# How to find the velocity as a function of the elongation of a spring when it is hanging from a ceiling?

#### Chemist116

The problem is as follows:

A mass whose mass is $m$ is hanging vertically from a ceiling which is tied to a spring which has a constant of $K$ is oscillating. Given this condition find the velocity as a function of the elongation of the spring.

The alternatives given are as follows:

$\begin{array}{ll} 1.&\sqrt{\frac{K}{m}y^2+2gy}\\ 2.&\sqrt{2gy-\frac{K}{m}y^2}\\ 3.&\sqrt{\frac{K}{m}y^2-2gy}\\ 4.&\sqrt{\frac{K}{m}y}\\ 5.&\sqrt{2gy}\\ \end{array}$

How exactly should I find the velocity in this situation?. Could it be that since appears a square root that is related to the conservation of mechanical energy?

If this is the case it would be that:

$\frac{1}{2}ky^2=\frac{1}{2}mv^2$

Therefore in this situation it would be:

$v=\sqrt{\frac{ky^2}{m}}$

But it doesn't appear in any of the alternatives. Exactly which part did I missunderstood. Can someone help me here?. Upon inspecting this problem it doesn't explicitly mentions anything regarding the height, but I'm assuming that the elongation is $y$ and it might be the intended meaning in this problem. But as indicated it doesn't check with any of the alternatives.

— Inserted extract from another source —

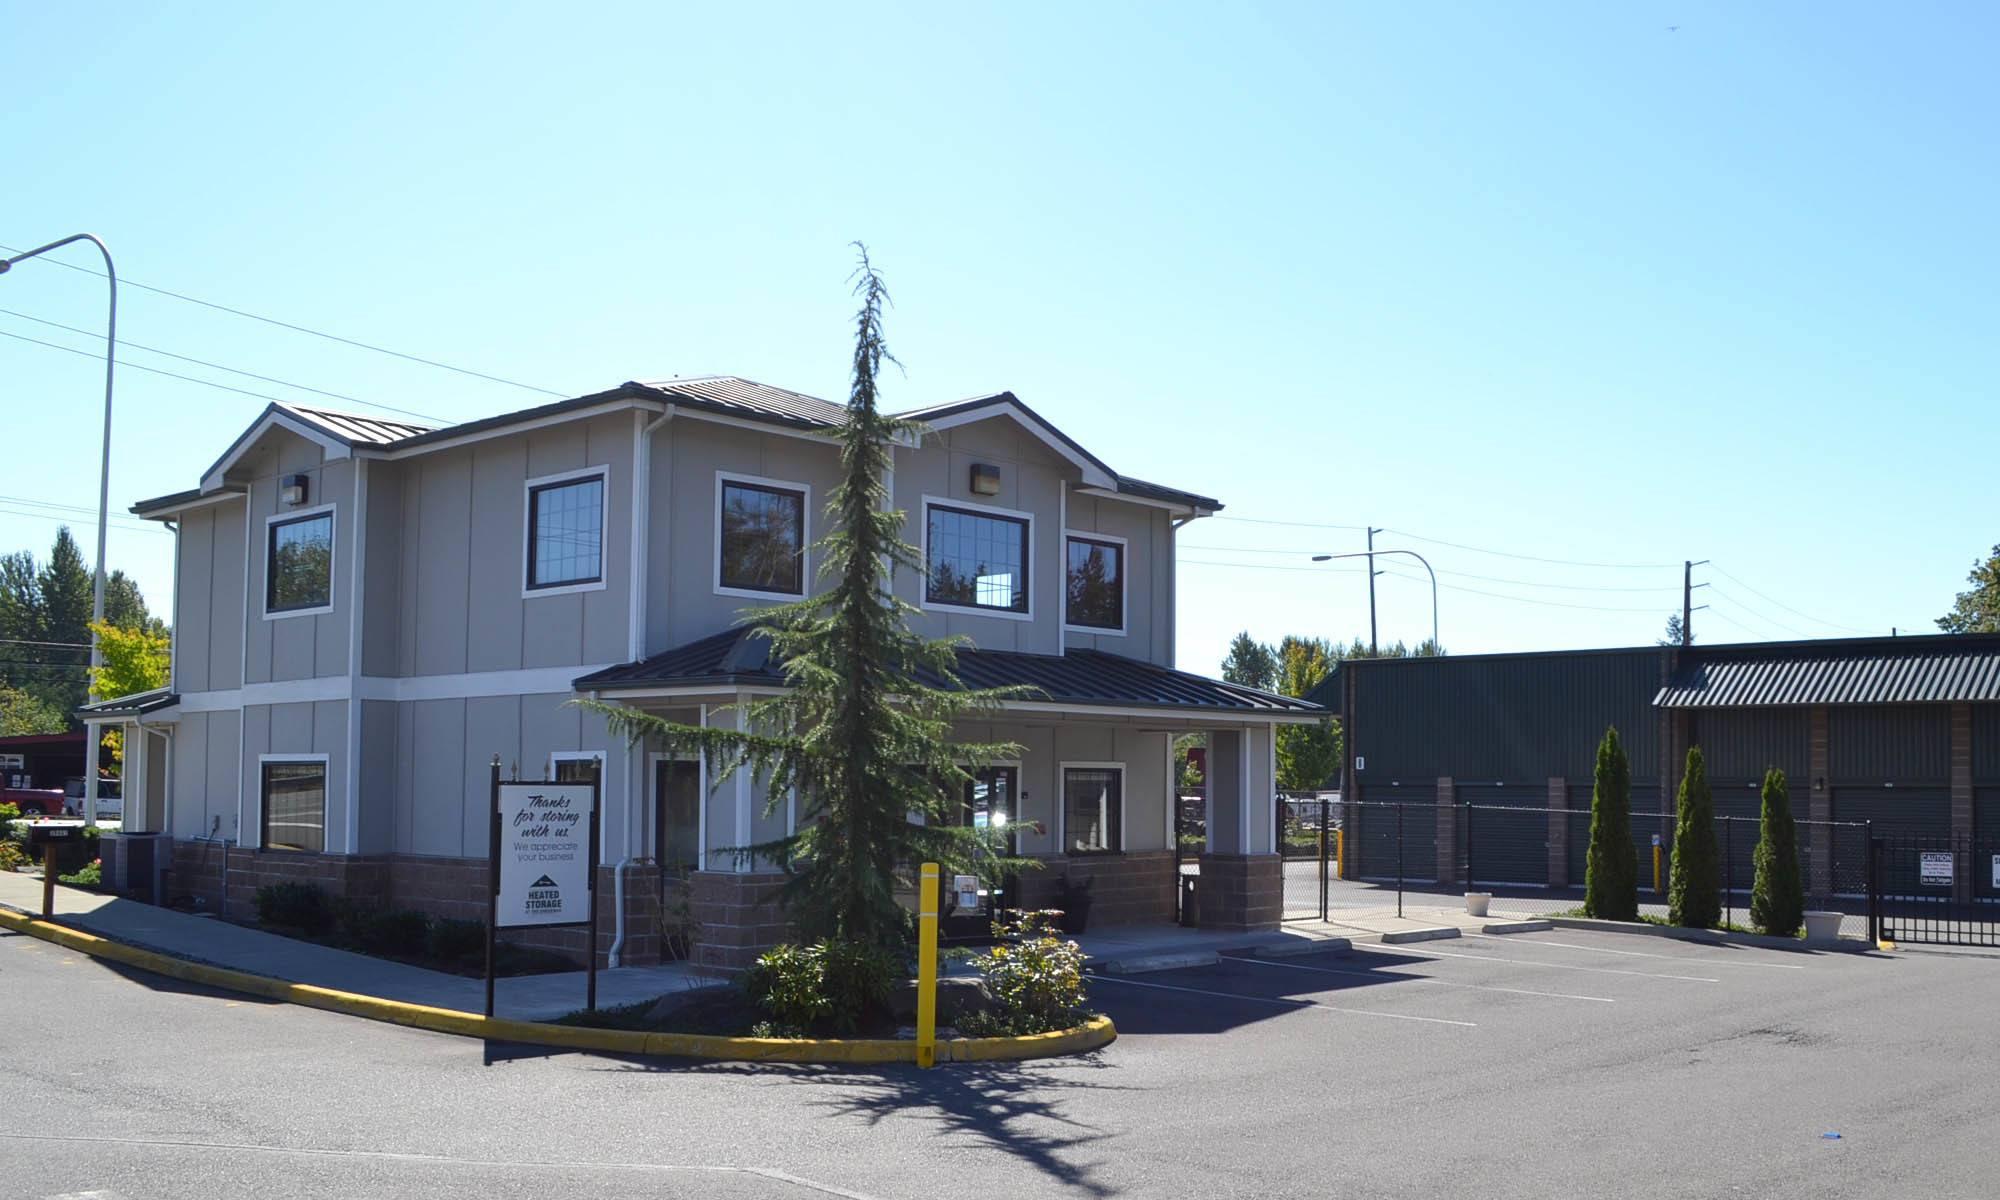 Exterior of self storage facility in Federal Way, Washington

Can anyone help me here please?.

Last edited:

#### skeeter

Math Team
Note that as the mass falls stretching the spring, three forms of mechanical energy are changing.
At the very top, gravitational potential energy is a maximum, i.e. $U_g = E_T$, while elastic potential energy, $U_e$, and kinetic energy, $KE$, are both zero.
At the very bottom where the spring is stretched to its maximum, $U_g = 0$, $KE=0$, and $U_e = E_T$

Assuming $y$ represents the magnitude of spring stretch and the mass is released from a position where the spring is at its natural length ...

$U_g = E_T - mgy$
$U_e = \dfrac{1}{2}ky^2$
$KE = \dfrac{1}{2}mv^2$

The sum of all three forms of mechanical energy, $U_g, \, U_e, \, \text{ and } KE$ is total energy, $E_T$ ...

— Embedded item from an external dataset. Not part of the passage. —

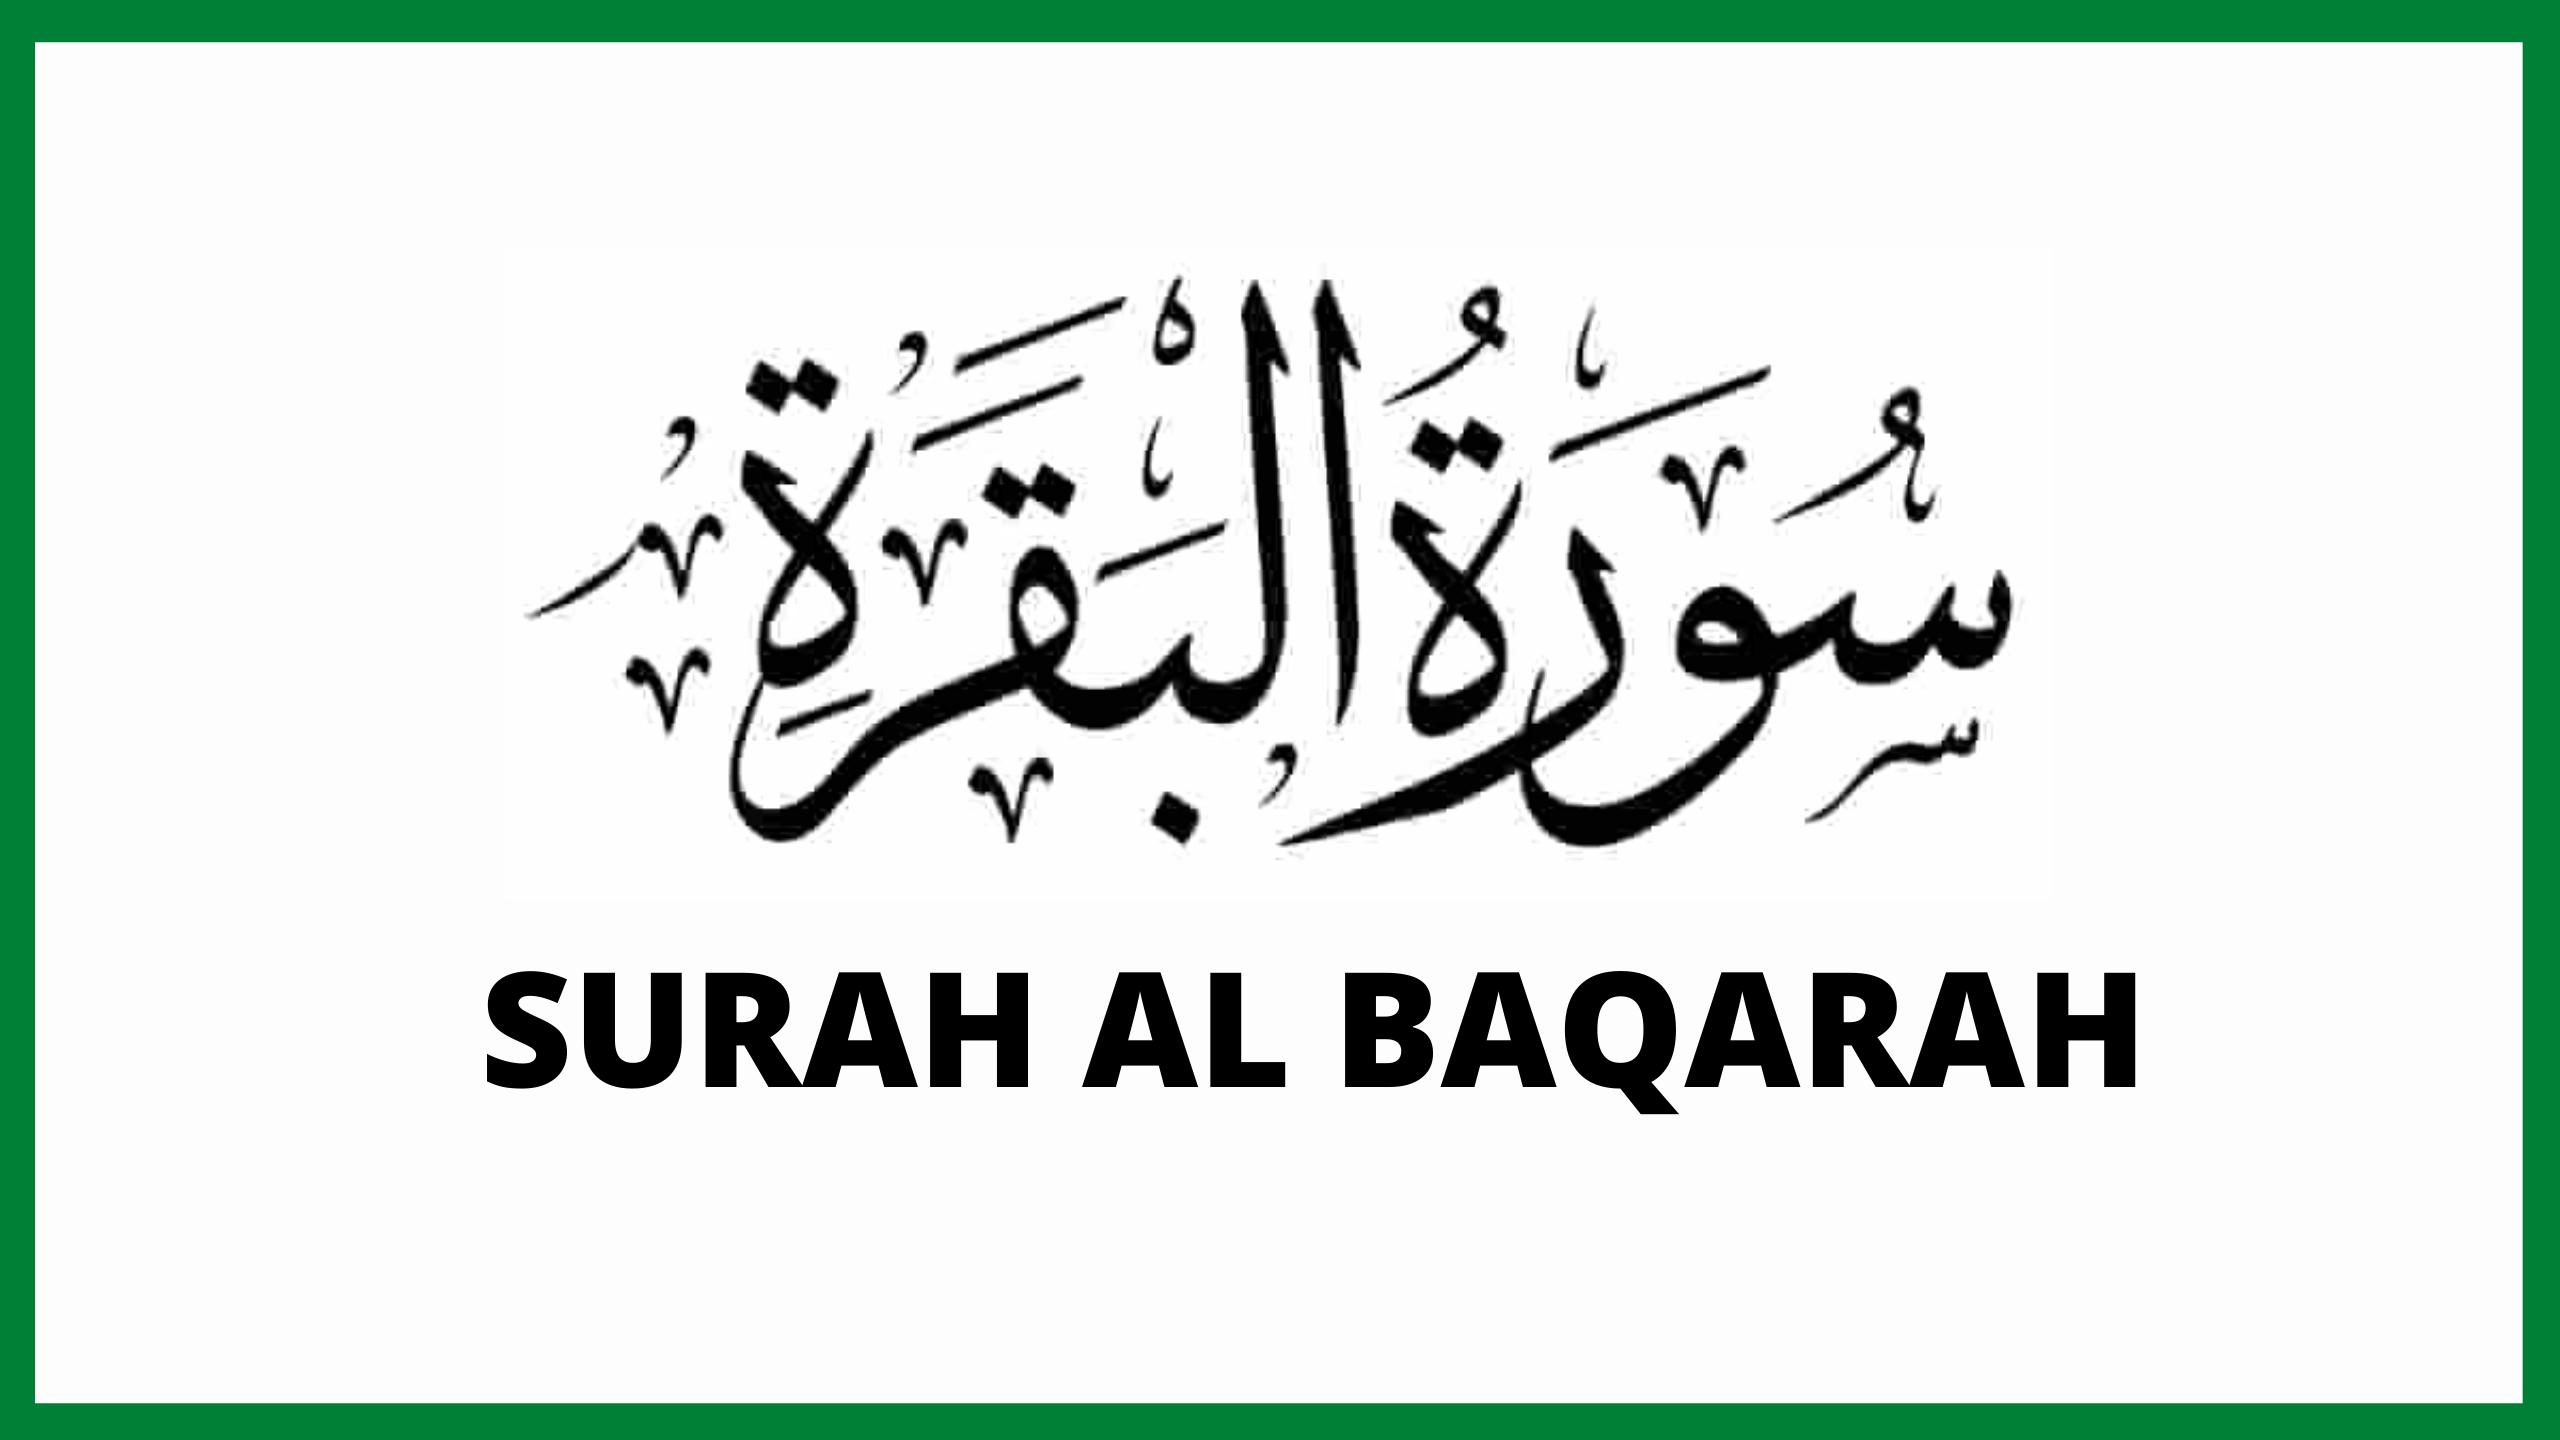 Sourate AL-BAQARAH / البقرة en arabe | Sourate 2

$E_T = E_T - mgy + \dfrac{1}{2}ky^2 + \dfrac{1}{2}mv^2$

$mgy - \dfrac{1}{2}ky^2 = \dfrac{1}{2}mv^2$

$\sqrt{2gy - \dfrac{k}{m}y^2} = v$

• Chemist116, topsquark and idontknow

#### Chemist116

Note that as the mass falls stretching the spring, three forms of mechanical energy are changing.
At the very top, gravitational potential energy is a maximum, i.e. $U_g = E_T$, while elastic potential energy, $U_e$, and kinetic energy, $KE$, are both zero.
At the very bottom where the spring is stretched to its maximum, $U_g = 0$, $KE=0$, and $U_e = E_T$

Assuming $y$ represents the magnitude of spring stretch and the mass is released from a position where the spring is at its natural length ...

$U_g = E_T - mgy$
$U_e = \dfrac{1}{2}ky^2$
$KE = \dfrac{1}{2}mv^2$

The sum of all three forms of mechanical energy, $U_g, \, U_e, \, \text{ and } KE$ is total energy, $E_T$ ...

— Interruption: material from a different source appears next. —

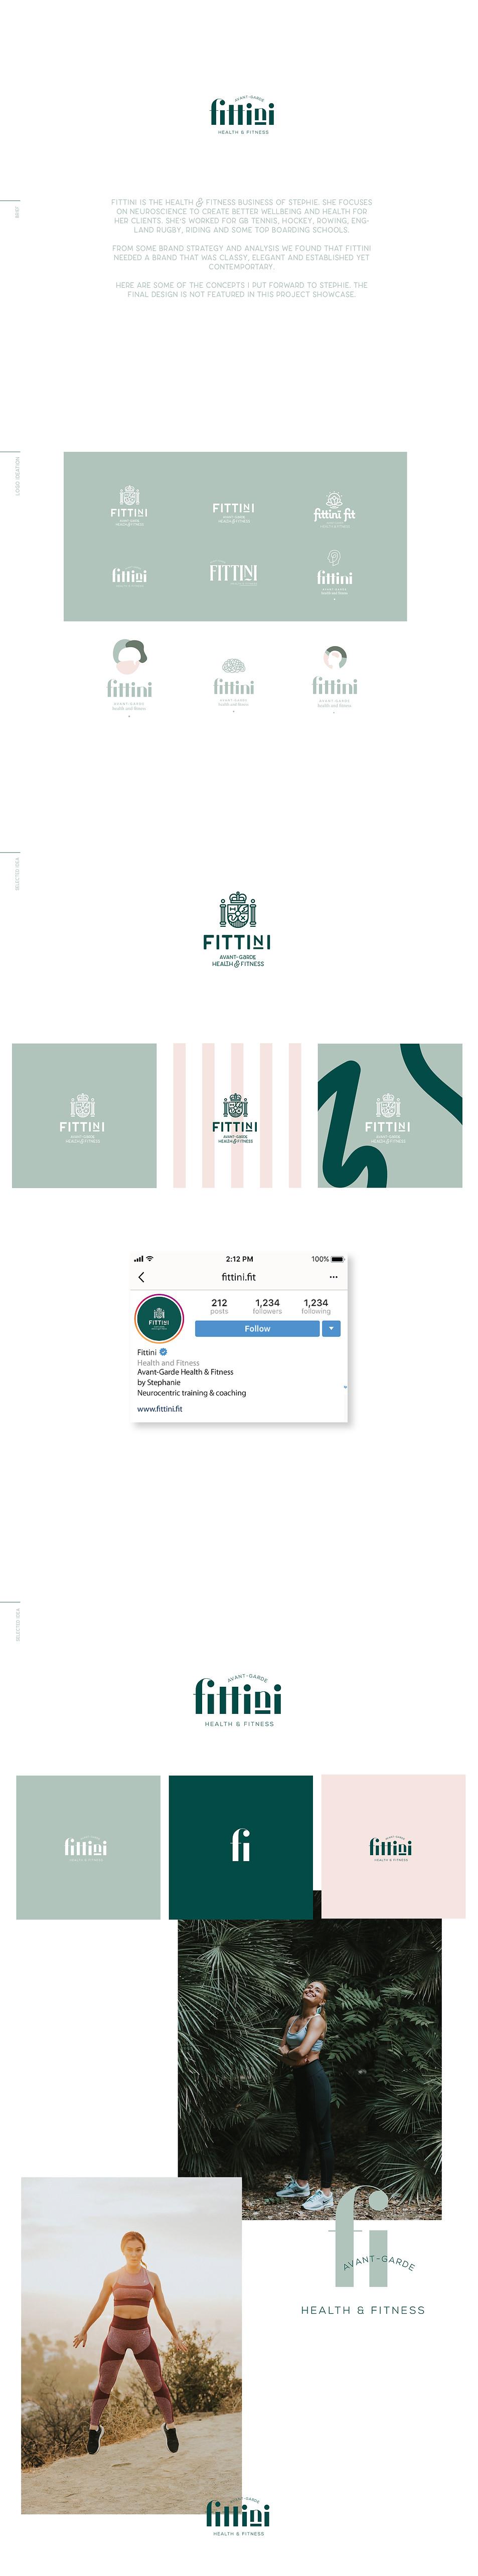 Fittini-10.jpg

$E_T = E_T - mgy + \dfrac{1}{2}ky^2 + \dfrac{1}{2}mv^2$

$mgy - \dfrac{1}{2}ky^2 = \dfrac{1}{2}mv^2$

$\sqrt{2gy - \dfrac{k}{m}y^2} = v$
Gee I totally overlooked that there were three energies in this setup. In your analysis you're calculating the energy at some point during the elongation of the spring, but not when all the spring has stretched I mean in the bottom. Why? Btw at first I was confused why did you used

$U_g = E_T - mgy$

But then I thought that this was to get the potential energy at some point of the trajectory of the elongation. I just wondered why?. Typically energy analysis is made during initial and final points. Let's say in a rollercoaster.

#### skeeter

Math Team
In the problem solution choices, $y$ represents the amount of spring stretch which increases as the mass moves downward, so $y=0$ is at the top ... which makes $mgy$ zero at the top. Total energy of the system is $U_g$ at the top, and decreases as $y$ increases, so the equation $U_g=E_T-mgy$ correctly represents the gravitational potential energy as a function of stretch distance.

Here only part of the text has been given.